Two Google updates in six weeks: what March and May 2026 mean for your rankings

 

If your website traffic has felt unusually jumpy this spring, you are not imagining it. Google has now pushed two broad core updates in the space of six weeks, and the gap between them is the tightest we have seen in years.

What happened in March?

The March 2026 core update ran from 27 March to 8 April, overlapping with a separate spam update. By SE Ranking’s data it was the most volatile update on record: almost 80% of top-three results shifted position, and nearly one in four pages sitting in the top 10 dropped out of the top 100 altogether.

The pattern underneath the noise was clear. Google rewarded first-party, official and brand-owned destinations, and pulled visibility away from aggregators, directories and comparison sites. This was a shift away from the middleman and toward the original source. Job aggregators lost ground while employer career pages gained; broad consumer health sites slipped while clinical and specialist sources rose. Even YouTube took the single biggest visibility hit in the data. We touched on the early signals in our earlier post on Google’s updates; this piece picks up where that left off.

What May tells us

The May 2026 core update began rolling out on 21 May, just 43 days after March finished. For context, the shortest gap between distinct core updates in recent years was around 70 days. Google published no new guidance and used the same wording it always does, which strongly suggests May is reinforcing the same direction March set rather than changing course. On that pace, 2026 could see five to seven core updates rather than the usual two or three.

What these updates are targeting

Strip away the jargon and both updates are doing the same thing: rewarding the original source and demoting the in-between. Three signals stand out.
First, first-party authority. Google is favouring sites that are clearly the source of the information or service, rather than those that collect, repackage or compare what others have already published. If a page could have been written by anyone, it is increasingly vulnerable.

Second, genuine expertise and trust. Content that shows real experience, named authors, credentials and first-hand knowledge is holding up far better than thin, generic copy, particularly in areas like health and finance where trust matters most.

Third, the rise of AI answers. Pages that exist mainly to answer a quick factual question are losing ground because Google’s own AI summaries now handle those queries directly. Reference and dictionary-style content was hit hard for exactly this reason.

How to improve your rankings

We have noticed some keyword ranking drops since these updates landed, and that is to be expected. As with every Google update, the worst thing you can do is panic. The right response is to keep monitoring the numbers calmly, give them time to settle, and make improvements naturally rather than rushing into knee-jerk changes.

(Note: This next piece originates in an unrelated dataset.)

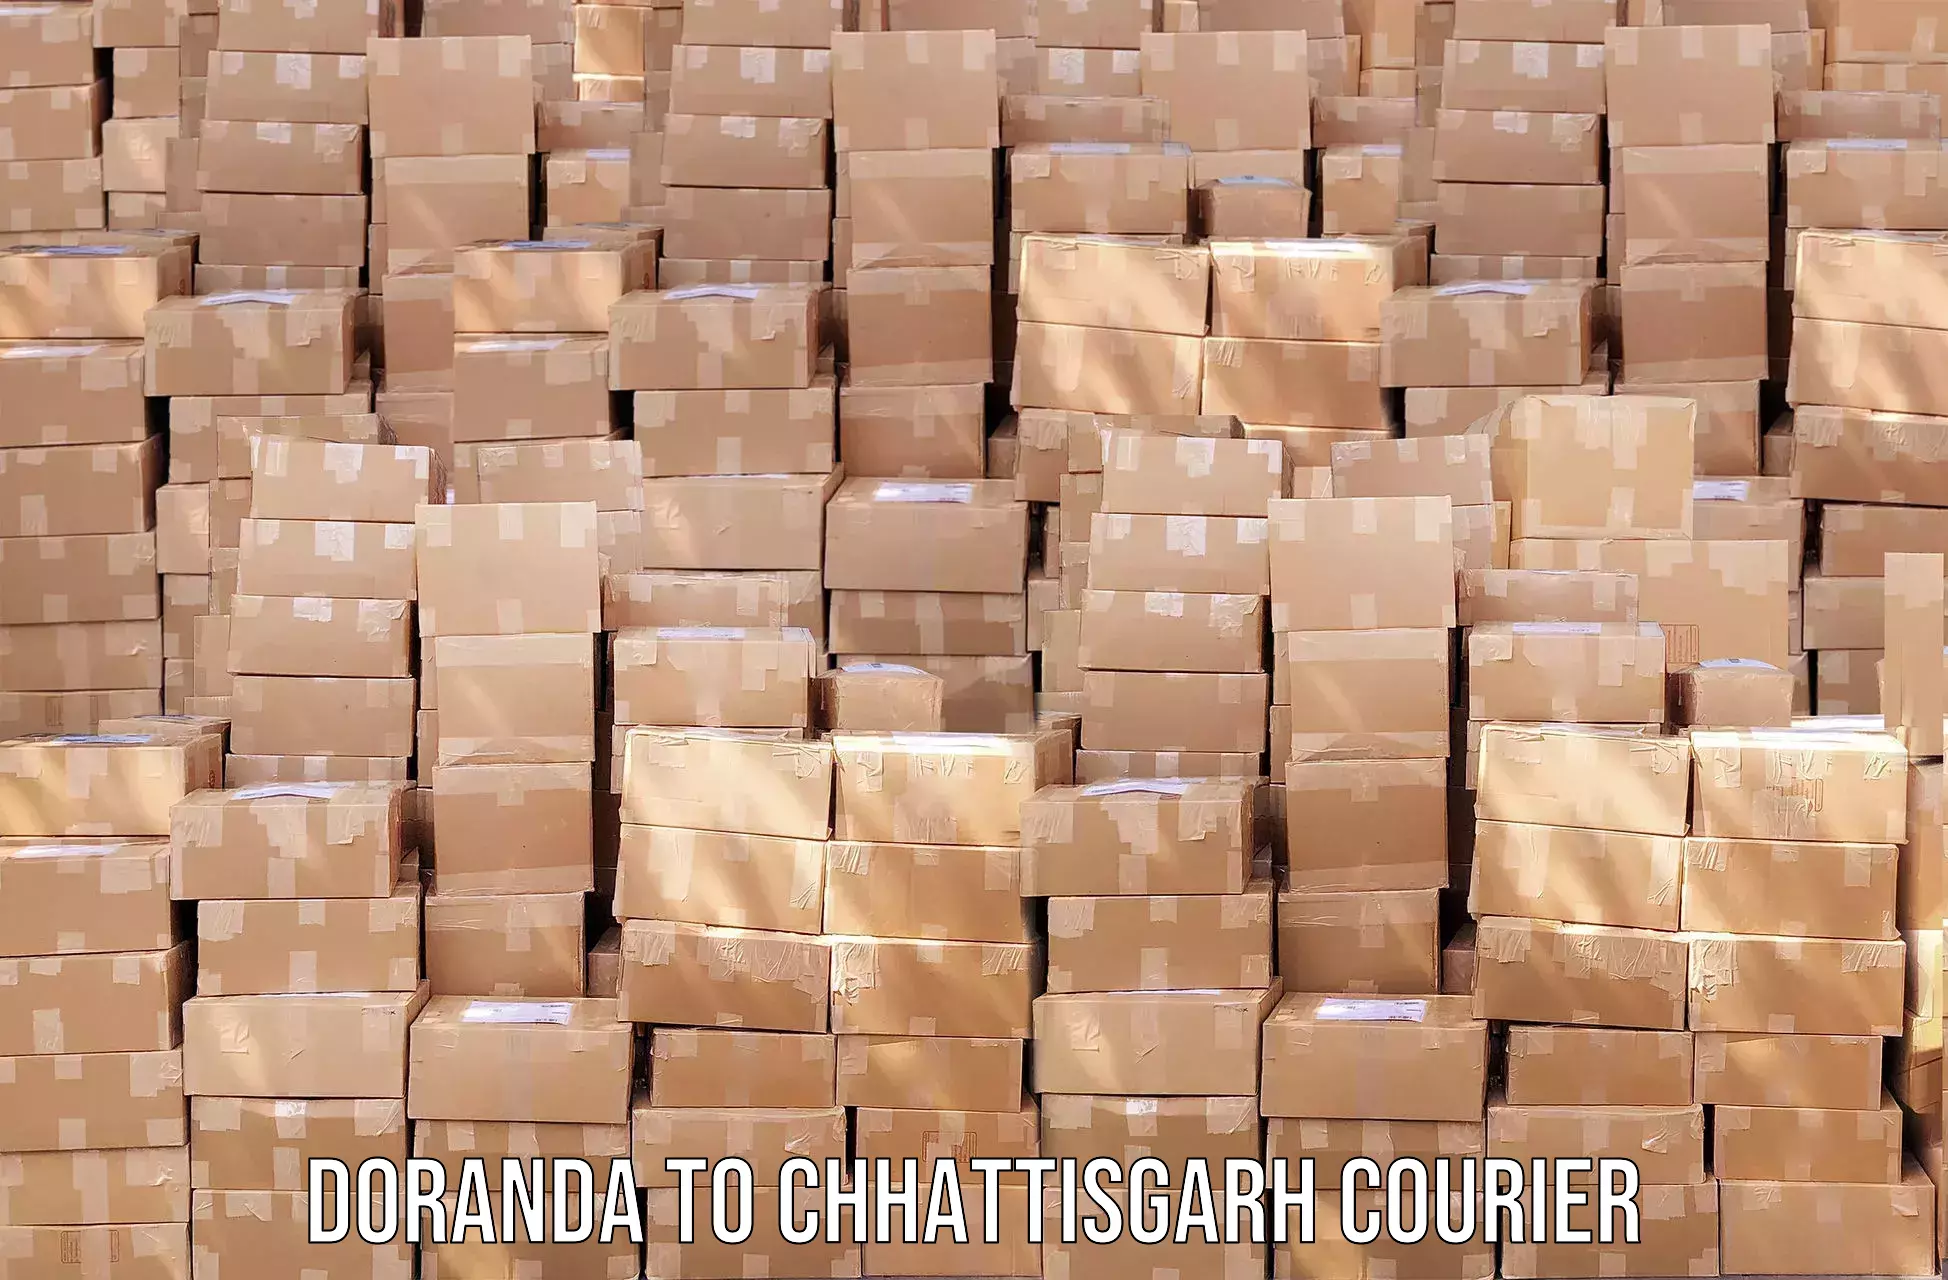 Efficient order fulfillment in Doranda to Wadrafnagar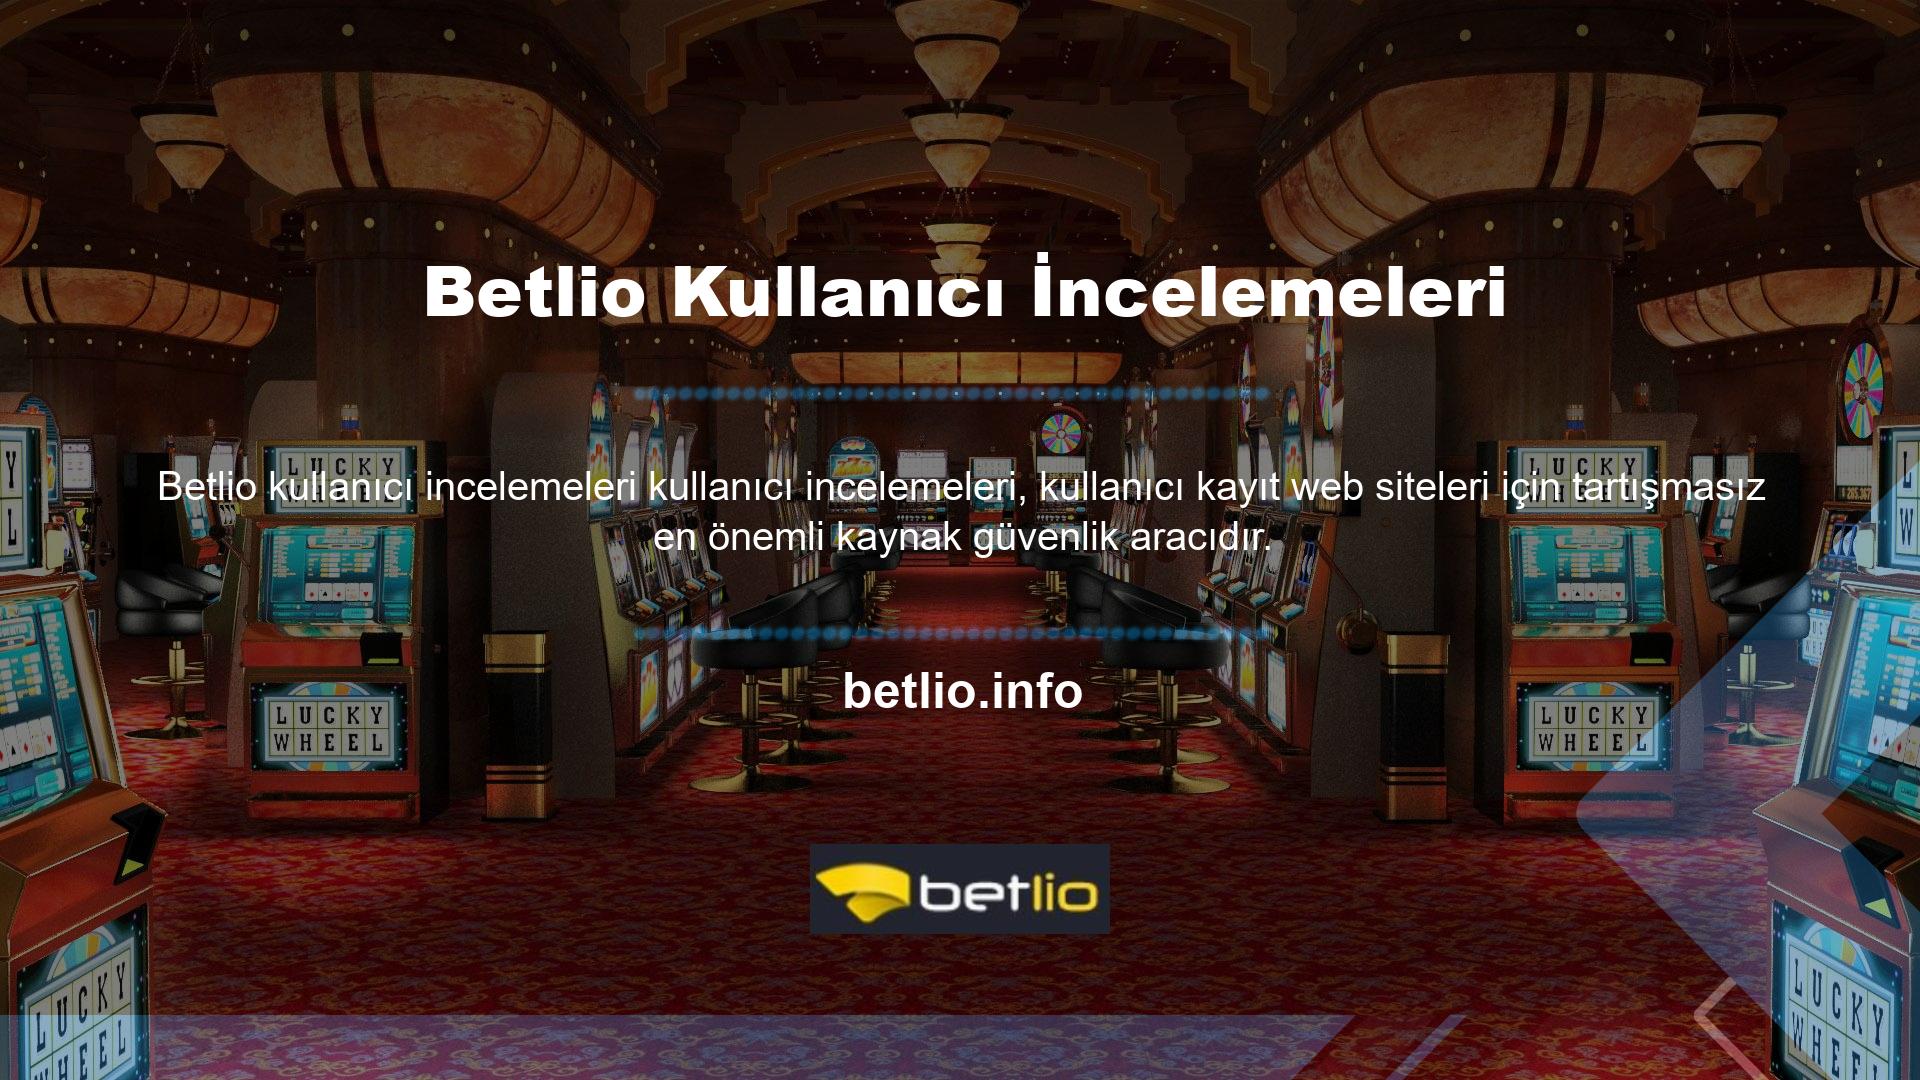 Elbette, bir casino sitesinin güvenli olduğundan emin olmak için Betlio spor bahisleri ilk kontrol kaynağı, kullanıcı incelemeleridir

There is no quick fix, and Google has been explicit about that. A drop does not always mean something is broken. But the direction of travel gives a clear to-do list:

  • Publish content only you could write. Lean on your own data, case studies, results and expertise rather than rehashing what is already out there.
  • Show who is behind it. Add author names, bios and credentials, and make your experience and track record visible on the page.
  • Be the destination, not the detour. Strengthen the pages that represent your core service or product so your site is the obvious primary source.
  • Go beyond the obvious answer. If AI can answer a question in a sentence, add the depth, context and practical guidance it can’t.
  • Build authority over time, not in a panic. With updates landing every few weeks, there is no time to react and recover between them. Consistent, quality-led work is what holds rankings steady.

That is exactly the work we do day to day: upfront metrics, transparent reporting, and no chasing algorithms for their own sake. If your rankings have moved and you would like a clear read on why, we would be glad to take a look.

Frequently asked questions

What is a Google core update?

A core update is a broad change to the way Google’s main search systems assess and rank content. Unlike a targeted fix, it reweighs how the whole index is judged, which is why rankings can move sharply across very different types of site at the same time.

Why were there two updates so close together?

The March update finished on 8 April and the May update began on 21 May, a gap of just 43 days. The usual gap in recent years has been 70 days or more. The cadence is clearly speeding up, and 2026 could see five to seven core updates rather than the usual two or three.

My rankings dropped. Does that mean my site is broken?

Not necessarily. Google has been clear that a drop after a core update does not always mean you have done something wrong. It often means other sites are now being judged as more relevant or authoritative for those searches. The fix is to keep improving the quality, expertise and originality of your content rather than hunting for a single error.

How long until I recover?

There is no instant recovery. Meaningful improvement usually shows up across future updates rather than overnight, so the work is to build genuine authority steadily rather than to react to each update.

Does AI in search change what I should do?

Yes, in emphasis. As Google answers more quick factual questions directly with AI summaries, the pages that win clicks are the ones offering depth, first-hand experience and practical value that a one-line answer cannot replace.

Should I keep publishing content?

Absolutely, provided it is content only you could produce, backed by real expertise and your own data or results. Thin, generic articles are the most exposed; original, genuinely useful content is what holds up.